Conclusions on the UK’s work with partnerships and alliances
Country partnerships:
3.73 JETPs have so far delivered limited outcomes relative to ambition. Structural barriers such as the weak borrowing capacity of state-owned utilities, conflicting domestic incentives, and political resistance could have been better addressed in partnership design and donor engagement. Despite these shortcomings, there are signs of progress in enabling environments, showing that targeted technical assistance can unlock incremental change even when headline goals stall.
3.74 The UK has been a pragmatic and responsive JETP partner and has used lessons from the challenges faced by the JETPs to inform newer country partnerships such as the UK-Brazil Hubs, which adopt a more realistic design anchored in national plans and stronger engagement with multilateral institutions.
International alliances:
3.75 Alliances are a central influencing tool for the UK government, which is widely seen as a trusted and constructive alliance member. Alliances provide platforms to convene diverse actors, broker technical assistance, and shape global commitments, but there is no robust evidence available to assess their effectiveness in achieving energy transition objectives. Alliances create entry points for linking ODA-funded programmes with wider international initiatives – underscoring that alliances alone are unlikely to deliver results in developing countries without complementary finance and structured support.

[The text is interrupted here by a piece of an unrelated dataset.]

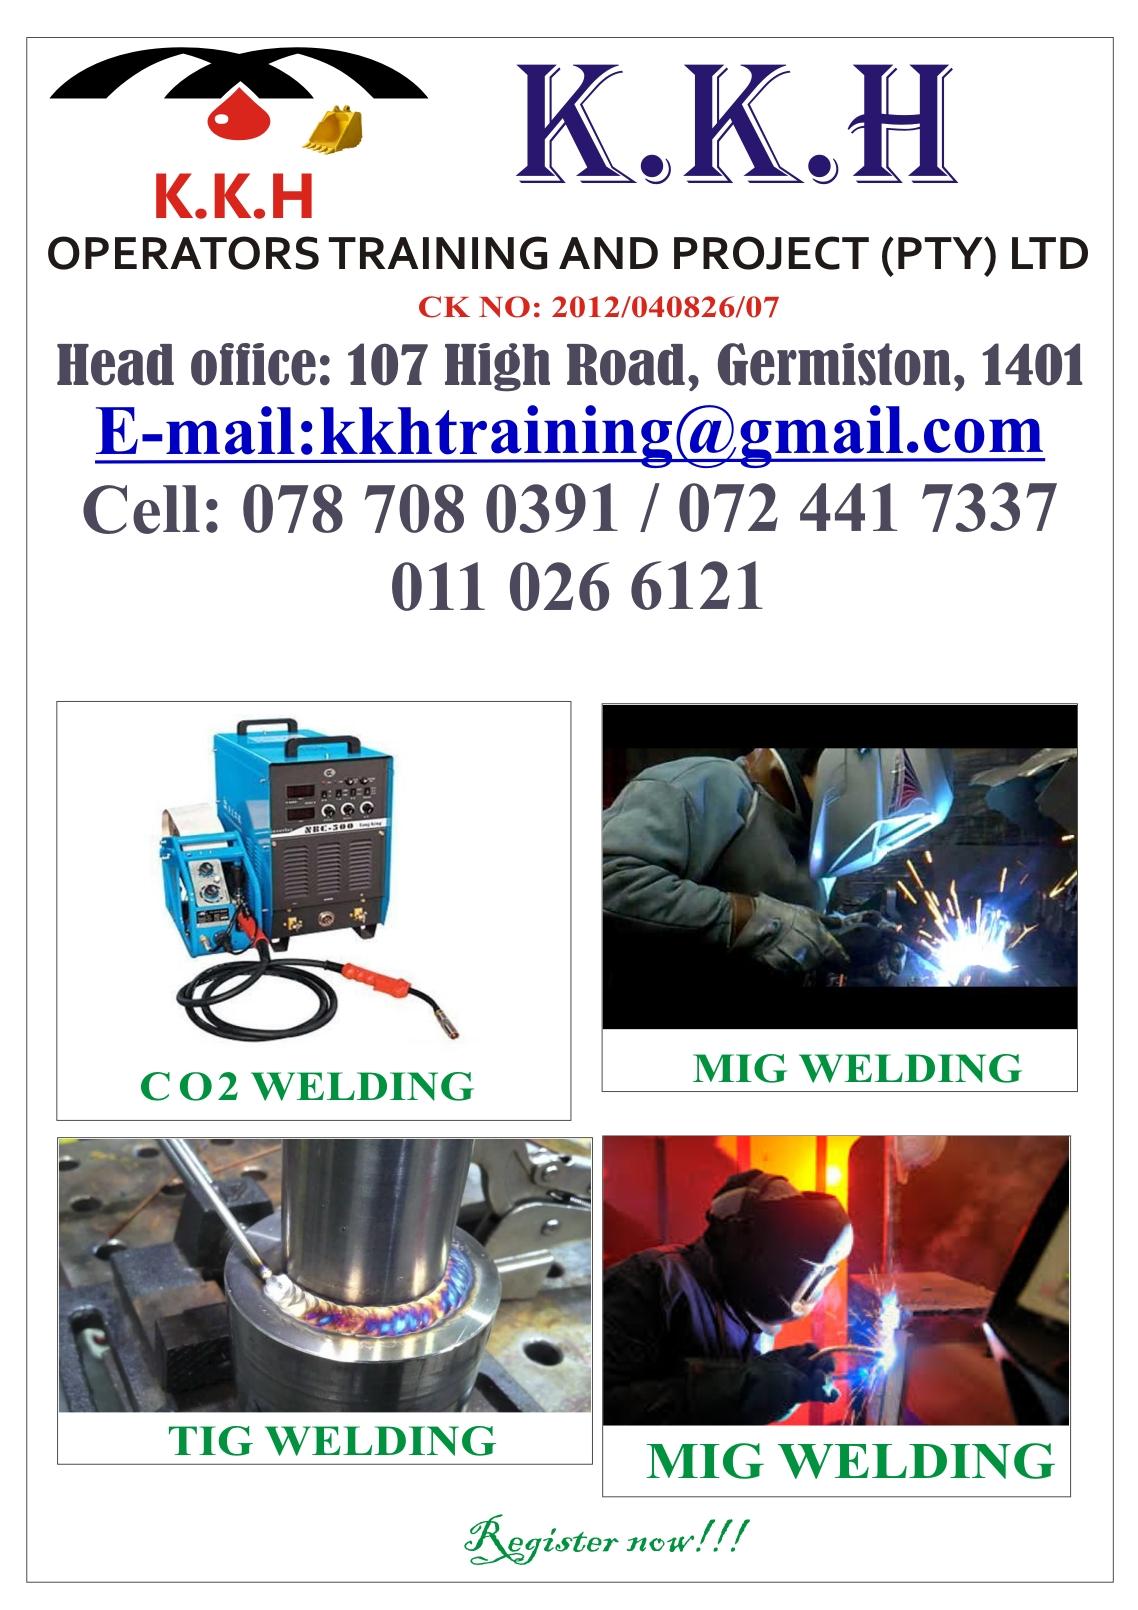 Plumbing,Welding,Boilermaker,Grader,Excavator,Mobile Crane,Stick Welding Training Call 0787080391

3.76 The proliferation of alliances poses risks of fragmentation, duplication, and overburdening partner governments with overlapping offers. While the UK has taken steps to improve coherence, the alliance landscape remains crowded and difficult to navigate.
How effective are UK efforts at leveraging and mobilising public and private finance for the global energy transition in developing countries?
3.77 This section examines the effectiveness of the UK’s efforts to mobilise public and private finance for energy transition in developing countries. It explores the approaches taken to mobilise finance through bilateral programmes, the UK’s development finance institutions (DFIs) and multilateral channels, including the multilateral climate funds (MCFs). It also considers how the government works with the UK financial services sector.
The UK has effectively mobilised public and private finance across its energy transition portfolio
3.78 The UK mobilises finance for energy transition through bilateral, multi-bi57 and multilateral programmes, such as through its investments in multilateral development banks (MDBs), MCFs and the UK’s DFIs, such as British International Investment (BII) and the Private Infrastructure Development Group (PIDG).
- BII leverages finance for energy transition by anchoring equity and debt investments that draw in institutional co-investors, with a focus on commercially scalable clean energy projects in emerging markets. In 2024, BII established a £100 million Mobilisation Facility to boost the flow of private capital into emerging economies considered too risky by global investors. BII has announced a shortlist of finalists in its call for proposals. Organisations shortlisted include Amundi, BlueOrchard, Finance in Motion, Standard Chartered and a climate-focused fund manager.
- PIDG mobilises private capital for energy transition by de-risking early-stage and frontier infrastructure through facilities like InfraCo and GuarantCo, using layered finance and guarantees to crowd in investors where market appetite is weak.
- The UK uses its influence with MDBs and climate funds to encourage and support them in mobilising climate finance for energy transitions. MDBs and climate funds mobilise additional climate finance by using their capital base, credit ratings, and risk-sharing instruments (like guarantees, concessional blending, and co-financing structures) to attract far larger volumes of private and public investment into climate projects than they could provide alone.
3.79 Looking across the entire UK energy transition portfolio, the two ICF KPIs measuring public or private finance mobilisation report good progress. Out of the 74 programmes in the portfolio (not including the 10 alliances which do not report against ICF KPIs), 32 programmes, both multilateral and bilateral, report against one or both of these KPIs: about 30% report on KPI 11, the volume of public finance mobilised for climate change purposes, and more than 40% report on KPI 12, the mobilisation of private finance. In total, the UK energy transition portfolio reports the mobilisation of £5.2 billion in public and private finance in the period from 2021-22 to 2023-24 (see Table 4).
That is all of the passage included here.